CARLOS BARRIA/REUTERS Local media interviews a customer after buying an iPhone 5 at Apple’s retail store in Shanghai December 14, 2012. The China release of its iPhone 5 should win Apple Inc. some respite from a recent slide in its share of what is likely already the world’s biggest smartphone market, but its longer-term hopes may depend on new technology being tested by China’s top telecoms carrier. REUTERS/Carlos Barria
SAN FRANCISCO—A band of Apple Inc.’s most bullish fans on Wall Street are growing increasingly bearish over concerns that holiday iPhone sales have been weak and that the company needs new breakthrough products to fend off rivals Google Inc. and Samsung Electronics Co.
At least five analysts have cut their price targets for Apple since Dec. 16, with some saying Apple’s purchases from suppliers indicate iPhone and iPad sales may not meet projections. Because the two products are Apple’s largest sources of revenue and profit, any slowdown in demand would bode ill for growth prospects.
The reports from Citigroup Inc., Pacific Crest Securities, Mizuho Securities USA, BMO Capital Markets and Canaccord Genuity mark a reversal from earlier this year, when analysts were racing to issue upbeat predictions, with at least two saying Apple would top $ 1,000 (U.S.). Instead, the shares have dropped more than 25 per cent from a September record amid speculation the iPhone is saturating the market, ratcheting up pressure on Chief Executive Officer Tim Cook to introduce a new hit product.
“Apple is feeling the heat,” said Michael Obuchowski, a portfolio manager at North Shore Asset Management LLC, which owns Apple shares. “There is a lot of pressure on Apple to bring new magical devices to the market, and that hasn’t happened in a while.” He said the latest iPhone and iPad mini are incremental improvements on previous devices.
Glen Yeung, an analyst at Citigroup, wrote in a note on Dec. 16 that Apple’s Asian suppliers have been reporting cuts in orders, raising questions about the iPhone 5’s strength. The bank reduced its rating on Apple’s stock to neutral from buy and cut its price target to $ 575 from $ 675.
With Apple projected to have won 230 million iPhone users by the end of the year, the company’s customer growth will start to ebb because it is approaching a saturation point, said Andy Hargreaves, an analyst at Pacific Crest Securities in Portland, Oregon. He scaled back his prediction for new iPhone customers in 2013 to 62.4 million from 84.3 million.
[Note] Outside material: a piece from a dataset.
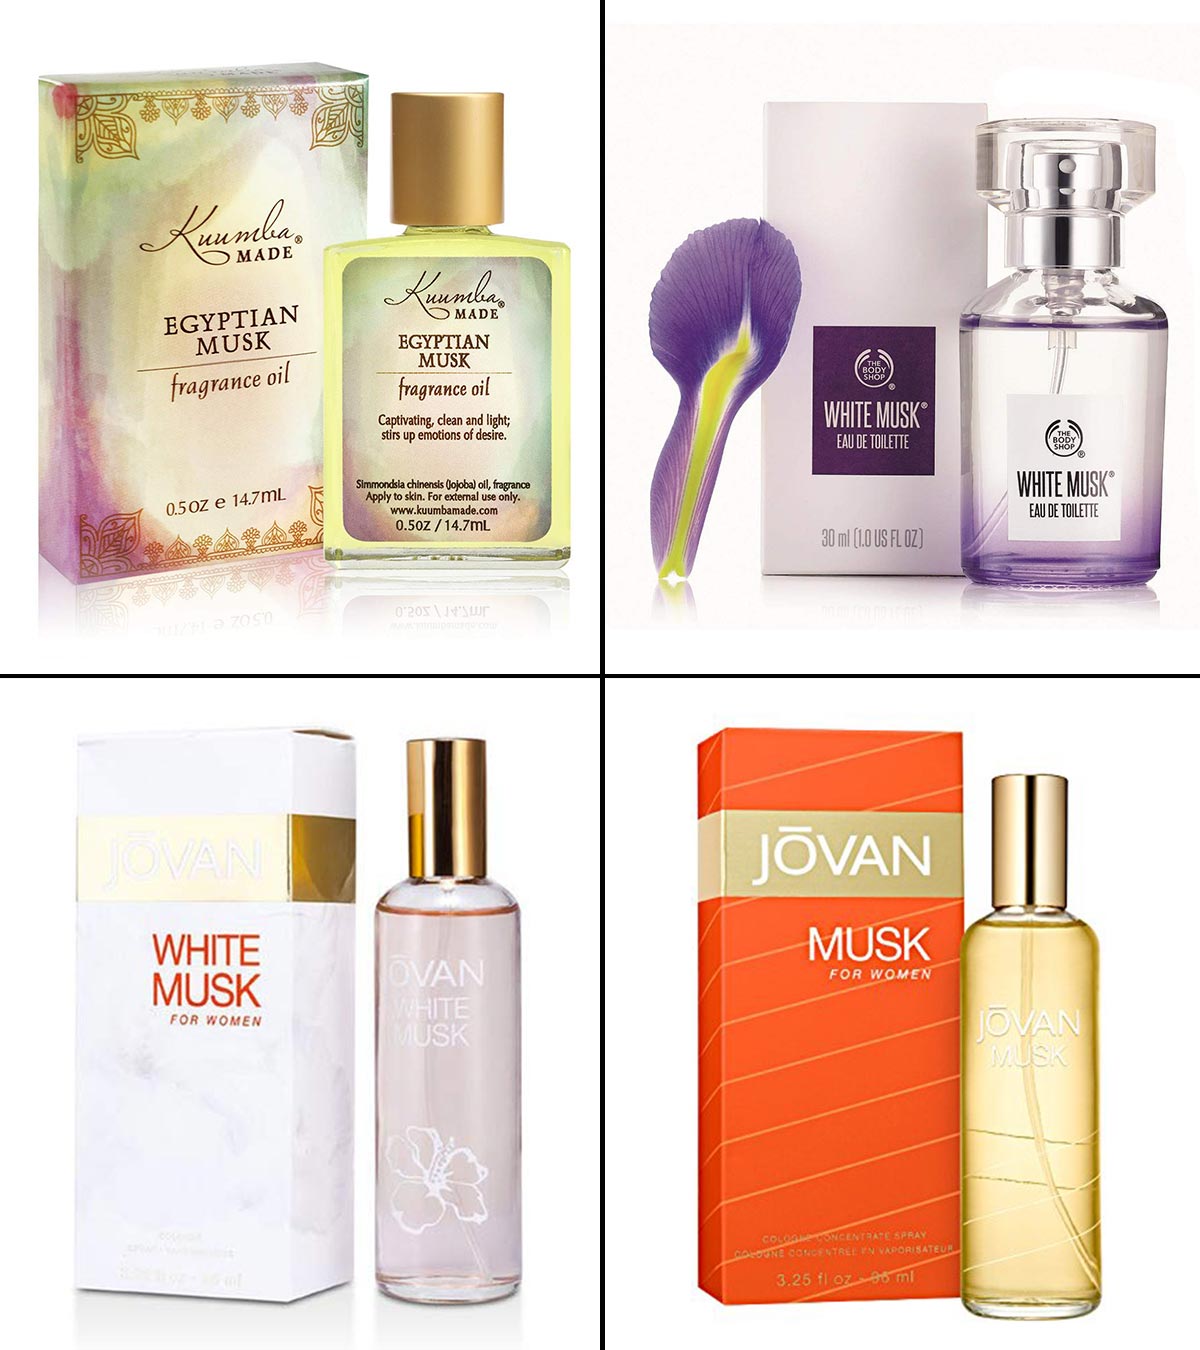 Lattafa Pure Musk Review, Affordable Perfumes

China, a country where many investors have been looking for Apple to generate growth, also is presenting challenges, according to BMO Capital Markets. While Apple said yesterday it sold 2 million of the iPhone 5 in the device’s first weekend on sale in China, the company isn’t likely to team up with China Mobile, that country’s largest wireless carrier, until the second half of 2013, BMO technology analysts wrote in a report, also reducing their estimate for iPhone sales to 165.5 million from 171.5 million for fiscal 2013.
Analysts’ estimate cuts in recent days continue a trend started earlier this month. UBS AG cut its price estimate for the stock to $ 700 from $ 780 on Dec. 14, citing concern that growth may slow for the iPhone and iPad. Apple component suppliers have been receiving order cuts, according to Peter Misek, an analyst at Jefferies & Co. who cut his projection for the shares to $ 800 from $ 900 earlier this month.
Still, many analysts remain optimistic. Brian White of Topeka Capital Markets maintained his prediction that Apple’s stock will reach $ 1,111, citing prospects for iPhone growth in China. Maynard Um of Wells Fargo Securities published a report yesterday saying concerns about Apple are overblown.
A key moment for determining whether Apple’s recent slide is justified will be the company’s first-quarter financial report in January, Obuchowski said. The three-month period from October to December will include the first full quarter of sales for the iPhone 5, as well as new iPads, Mac computers and iPods.
The holiday period is typically Apple’s most lucrative—last year, the company generated 30 per cent of total revenue in the fiscal first quarter.
To spark new growth, Apple may introduce a lower-end iPhone tailored for emerging markets such as China, said Gene Munster, an analyst at Piper Jaffray Cos., who has said Apple’s stock will reach $ 1,000.
“The $ 64,000 question is, do they have the next exciting two or three things up their sleeve?” Max Wolff, a research analyst at Greencrest Capital Management, said in an interview with Bloomberg Television.
“There is definitely a need for the next big thing,” Mizuho’s Abhey Lamba said in an interview.